_TASK REQUIREMENTS_
Every line of the records that holds the word "фото" should be copied out.

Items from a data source
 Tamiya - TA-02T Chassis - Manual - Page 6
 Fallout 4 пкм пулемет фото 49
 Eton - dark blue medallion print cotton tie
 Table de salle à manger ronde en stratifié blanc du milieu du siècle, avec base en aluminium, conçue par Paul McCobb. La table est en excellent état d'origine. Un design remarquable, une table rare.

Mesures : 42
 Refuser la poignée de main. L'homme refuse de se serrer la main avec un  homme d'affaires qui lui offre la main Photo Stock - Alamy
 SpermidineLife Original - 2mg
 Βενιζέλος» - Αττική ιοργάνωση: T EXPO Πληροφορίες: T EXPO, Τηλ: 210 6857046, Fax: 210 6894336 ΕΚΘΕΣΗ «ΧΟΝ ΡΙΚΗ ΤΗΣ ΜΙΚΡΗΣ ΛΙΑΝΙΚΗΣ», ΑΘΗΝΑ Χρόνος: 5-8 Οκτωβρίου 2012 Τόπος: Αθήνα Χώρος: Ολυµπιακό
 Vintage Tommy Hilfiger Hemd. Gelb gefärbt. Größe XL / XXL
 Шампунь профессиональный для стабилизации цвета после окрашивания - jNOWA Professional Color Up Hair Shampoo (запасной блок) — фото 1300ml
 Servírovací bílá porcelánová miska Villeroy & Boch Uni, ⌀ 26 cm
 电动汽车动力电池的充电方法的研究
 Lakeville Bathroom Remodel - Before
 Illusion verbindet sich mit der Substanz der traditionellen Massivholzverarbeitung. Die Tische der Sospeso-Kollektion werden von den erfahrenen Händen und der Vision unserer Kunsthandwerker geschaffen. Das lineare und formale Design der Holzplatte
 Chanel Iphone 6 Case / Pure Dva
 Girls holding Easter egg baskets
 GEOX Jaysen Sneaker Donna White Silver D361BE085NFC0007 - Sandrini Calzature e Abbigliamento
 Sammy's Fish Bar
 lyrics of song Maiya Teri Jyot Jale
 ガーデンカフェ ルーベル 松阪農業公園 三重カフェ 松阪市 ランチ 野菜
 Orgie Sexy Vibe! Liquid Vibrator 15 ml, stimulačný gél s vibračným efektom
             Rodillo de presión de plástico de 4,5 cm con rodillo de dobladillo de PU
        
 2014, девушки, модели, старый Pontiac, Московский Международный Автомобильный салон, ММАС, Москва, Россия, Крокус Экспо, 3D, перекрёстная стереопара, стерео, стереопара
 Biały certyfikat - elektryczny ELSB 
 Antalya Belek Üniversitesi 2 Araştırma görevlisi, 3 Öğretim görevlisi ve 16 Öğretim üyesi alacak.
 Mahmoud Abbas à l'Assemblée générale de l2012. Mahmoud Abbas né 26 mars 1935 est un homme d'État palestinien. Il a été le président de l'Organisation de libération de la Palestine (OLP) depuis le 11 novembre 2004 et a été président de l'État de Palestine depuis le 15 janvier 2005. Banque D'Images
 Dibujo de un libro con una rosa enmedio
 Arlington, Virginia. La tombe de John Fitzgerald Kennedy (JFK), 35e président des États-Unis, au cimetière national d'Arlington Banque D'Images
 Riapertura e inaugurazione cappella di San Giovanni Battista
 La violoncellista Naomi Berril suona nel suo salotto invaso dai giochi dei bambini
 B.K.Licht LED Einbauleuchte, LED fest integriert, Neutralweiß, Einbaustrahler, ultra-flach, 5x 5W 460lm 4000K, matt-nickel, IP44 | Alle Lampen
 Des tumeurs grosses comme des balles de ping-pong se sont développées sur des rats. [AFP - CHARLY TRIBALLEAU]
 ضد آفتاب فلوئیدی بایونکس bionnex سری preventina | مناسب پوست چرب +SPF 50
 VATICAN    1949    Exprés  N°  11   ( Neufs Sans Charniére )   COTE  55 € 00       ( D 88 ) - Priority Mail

_TASK SOLUTION_
 Fallout 4 пкм пулемет фото 49
 Шампунь профессиональный для стабилизации цвета после окрашивания - jNOWA Professional Color Up Hair Shampoo (запасной блок) — фото 1300ml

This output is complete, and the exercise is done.